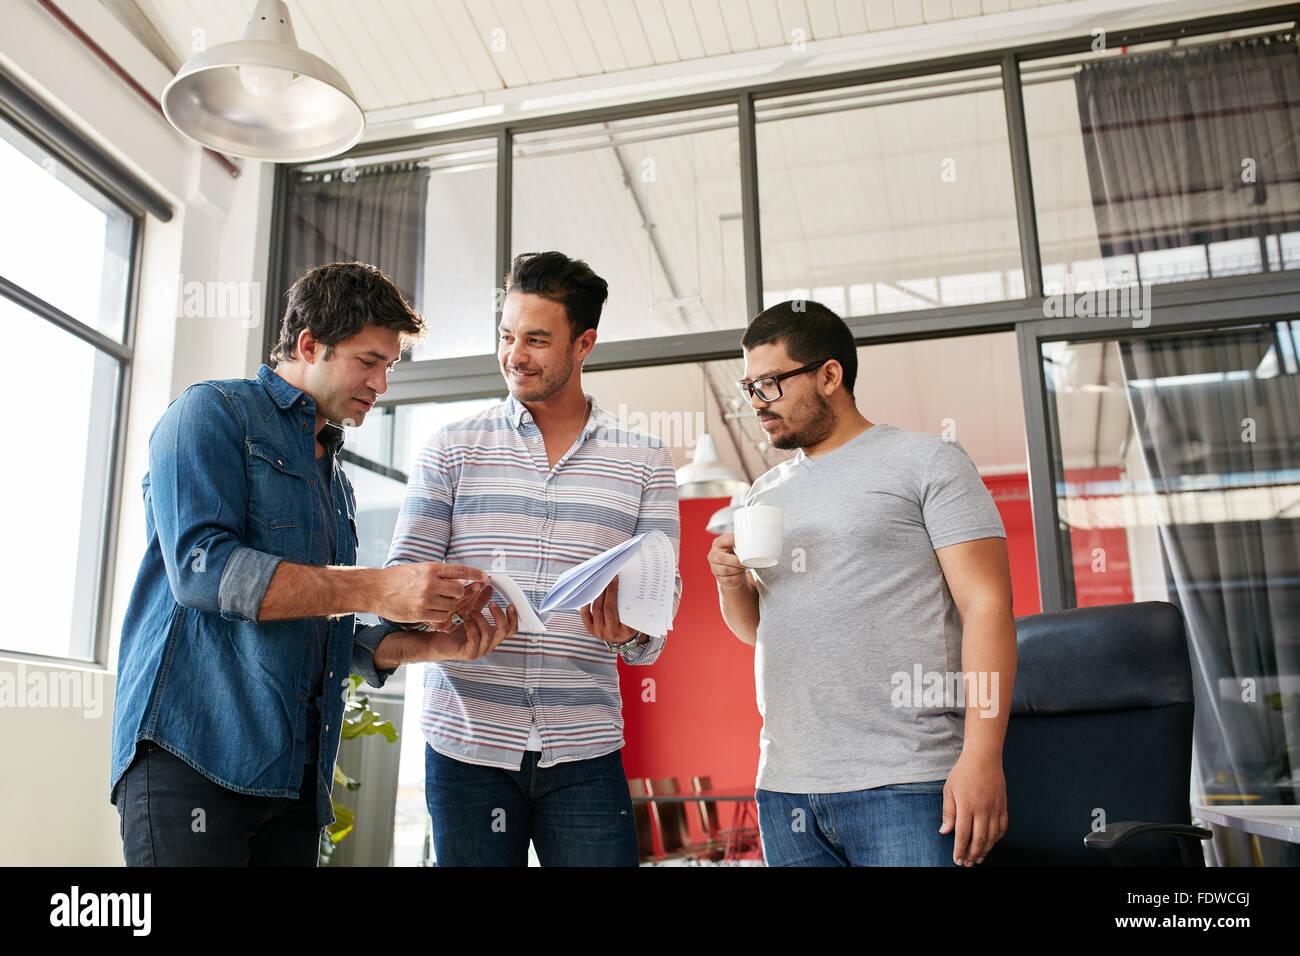 Junges Team von kreativen Menschen diskutieren Papierkram im Büro. Drei junge Männer, die im modernen Stockbild
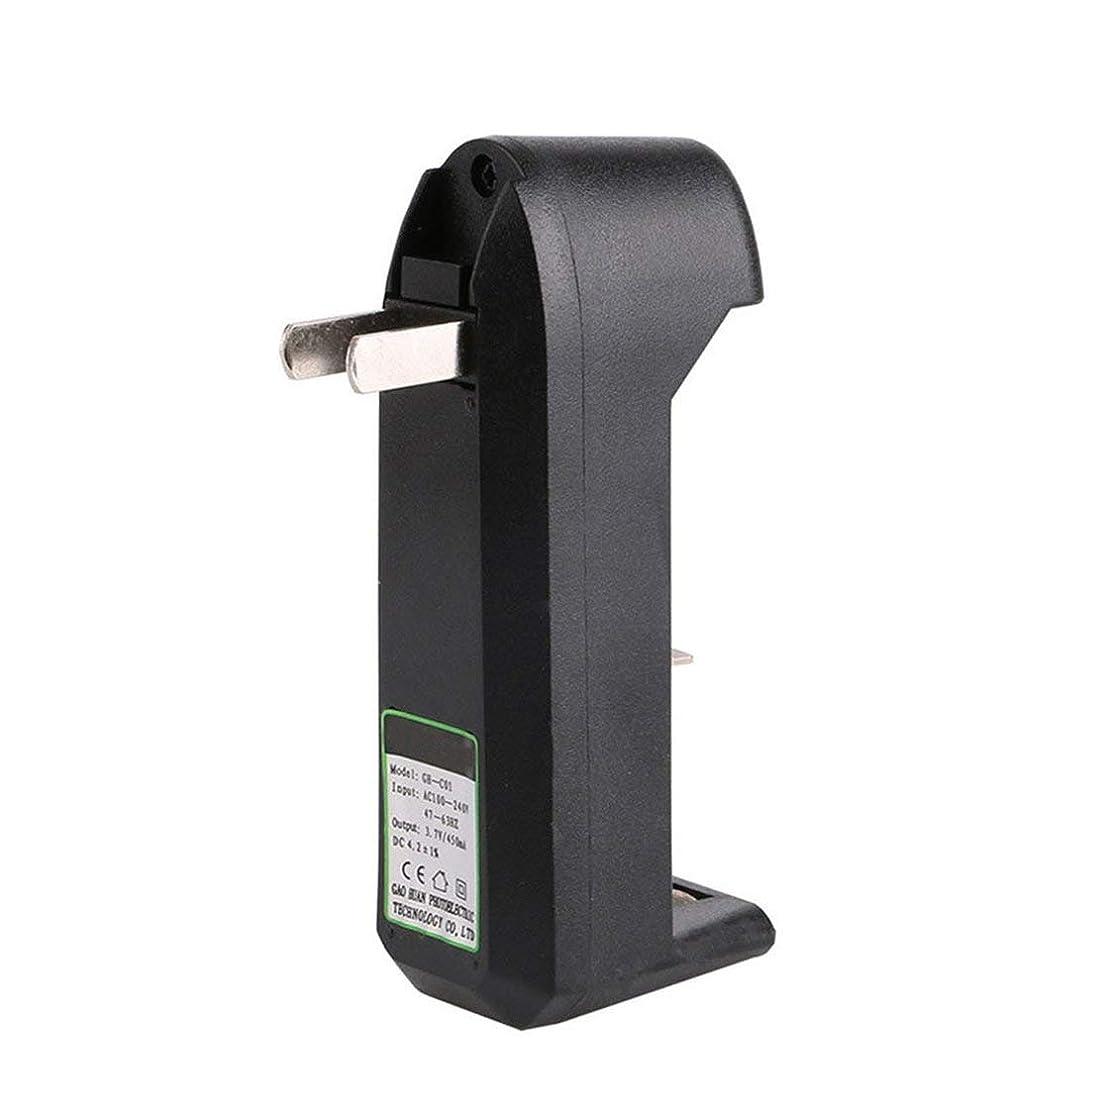 合計アルプス抑制懐中電灯18650/18500/16340/14500バッテリーポータブル充電器(ブラック)のための多目的3.7V 450mAhスマートバッテリー充電器 (Rustle666)
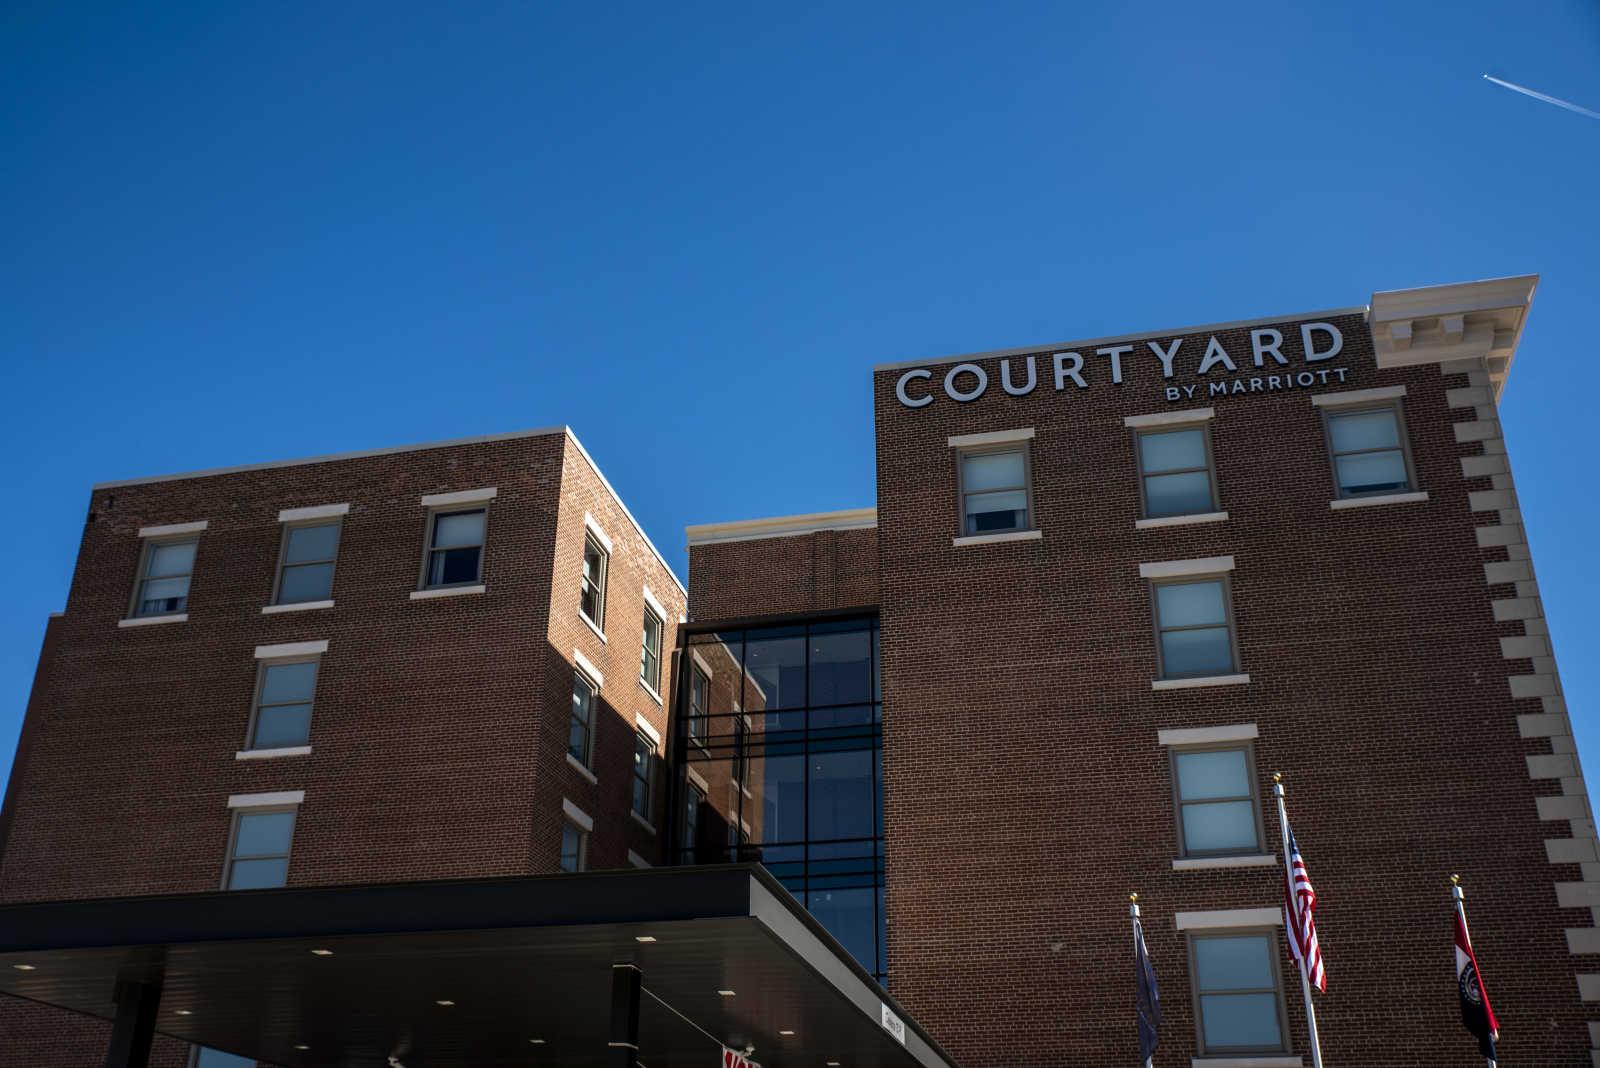 Courtyard Marriott - Cape Girardeau, Missouri
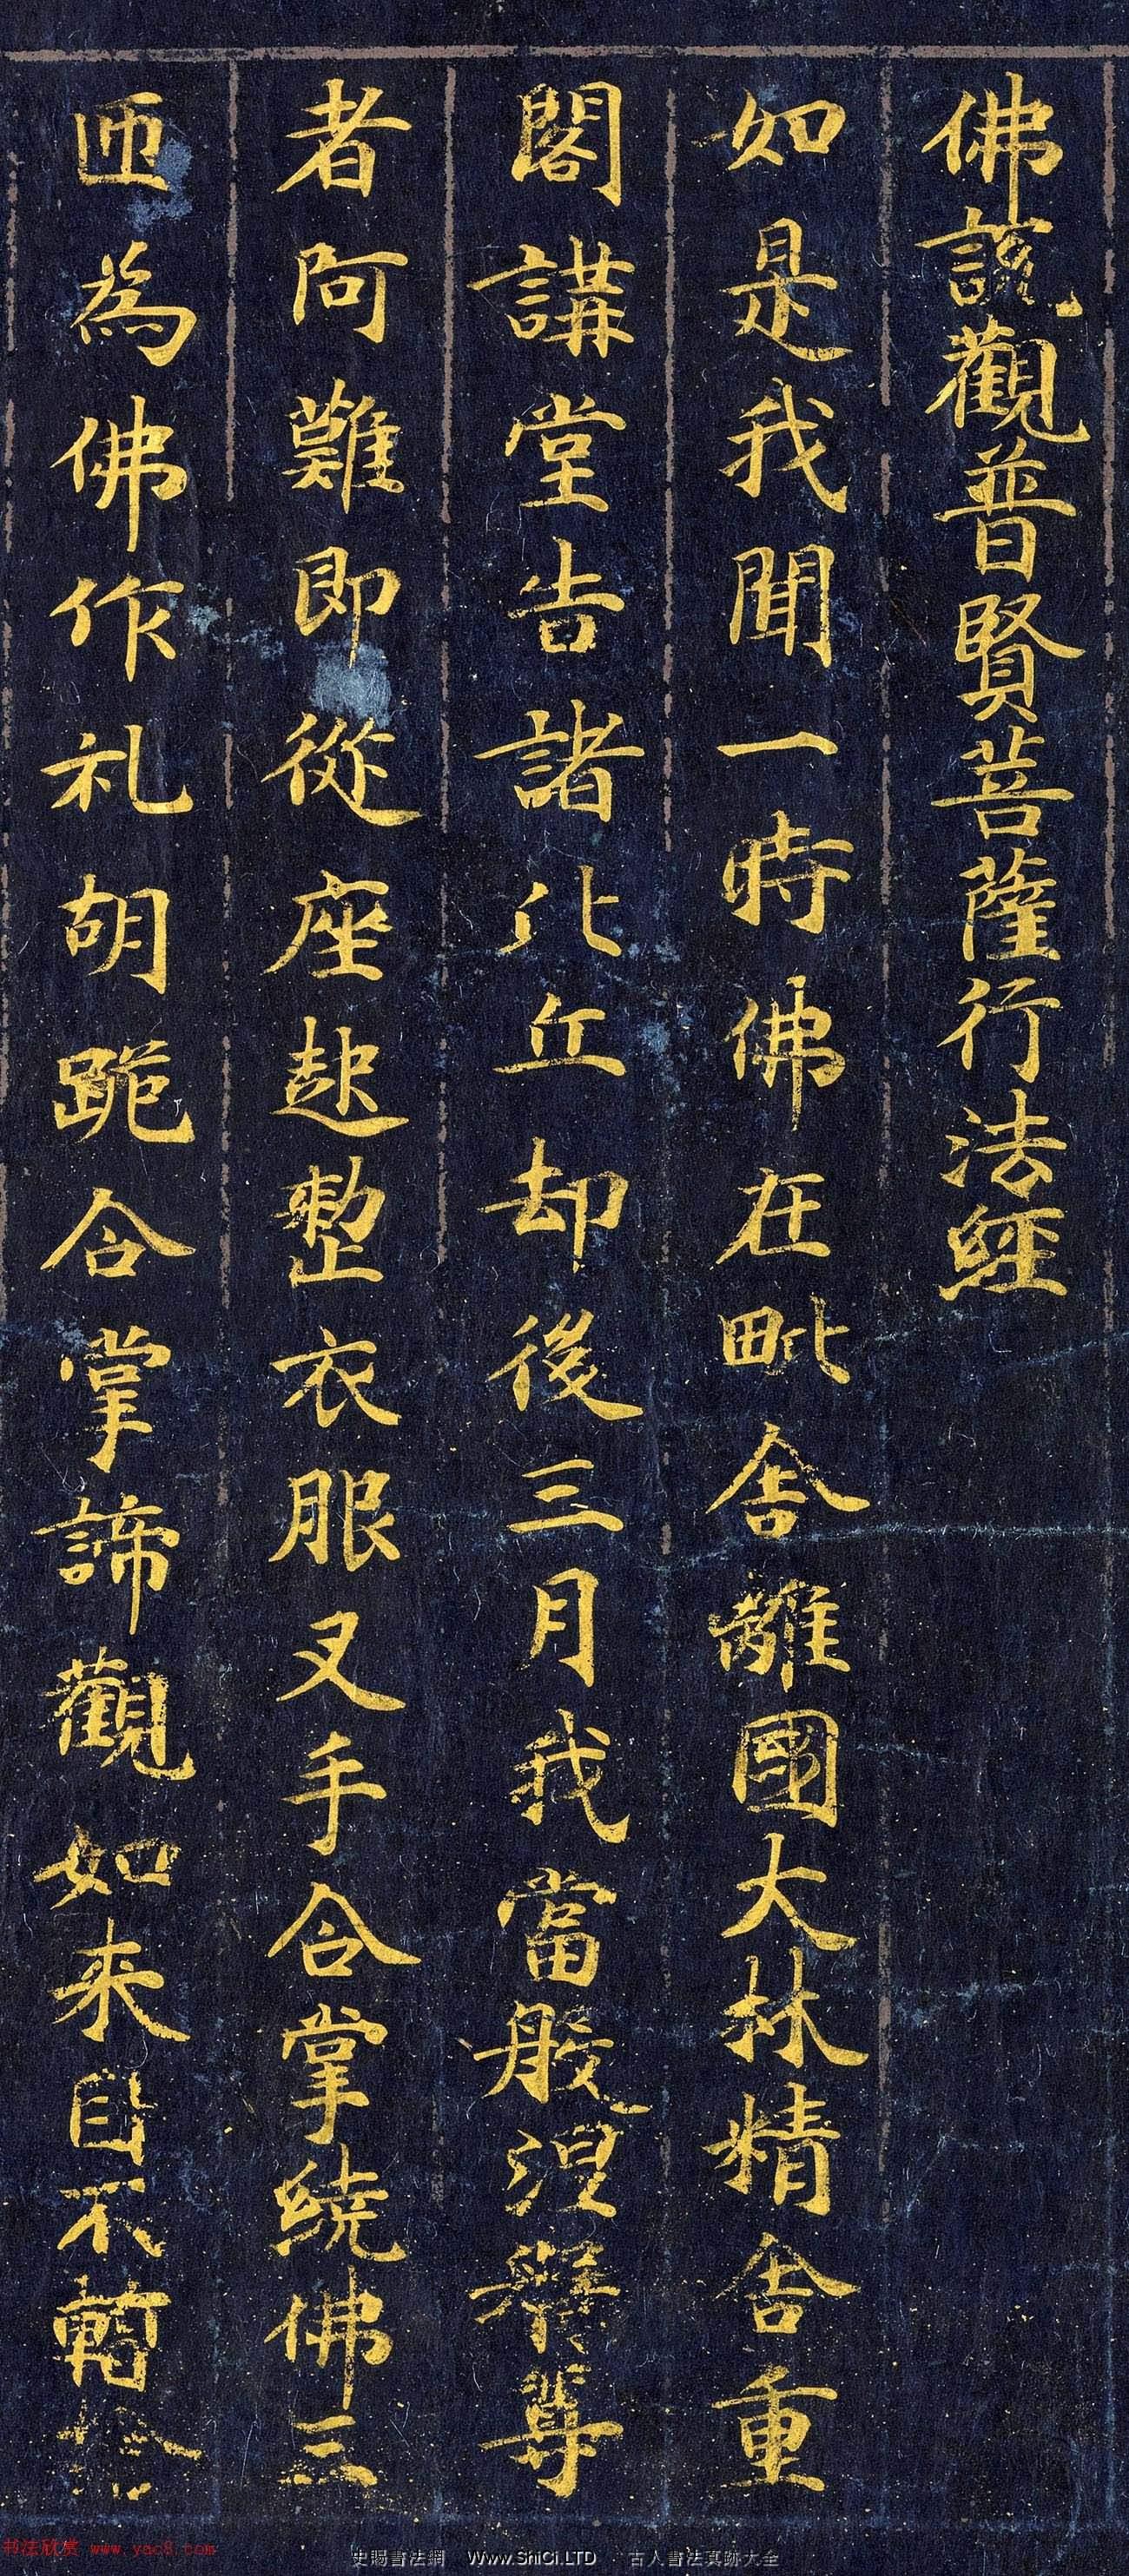 高清金字楷書《佛說觀普賢菩薩行法經》(共36張圖片)

* * * * * * *

# Task directions
The finished copy should match the data above word for word and contain no pictures.

# Output below
 Junges Team von kreativen Menschen diskutieren Papierkram im Büro. Drei junge Männer, die im modernen Stockbild
 合計アルプス抑制懐中電灯18650/18500/16340/14500バッテリーポータブル充電器(ブラック)のための多目的3.7V 450mAhスマートバッテリー充電器 (Rustle666)
 Courtyard Marriott - Cape Girardeau, Missouri
 高清金字楷書《佛說觀普賢菩薩行法經》(共36張圖片)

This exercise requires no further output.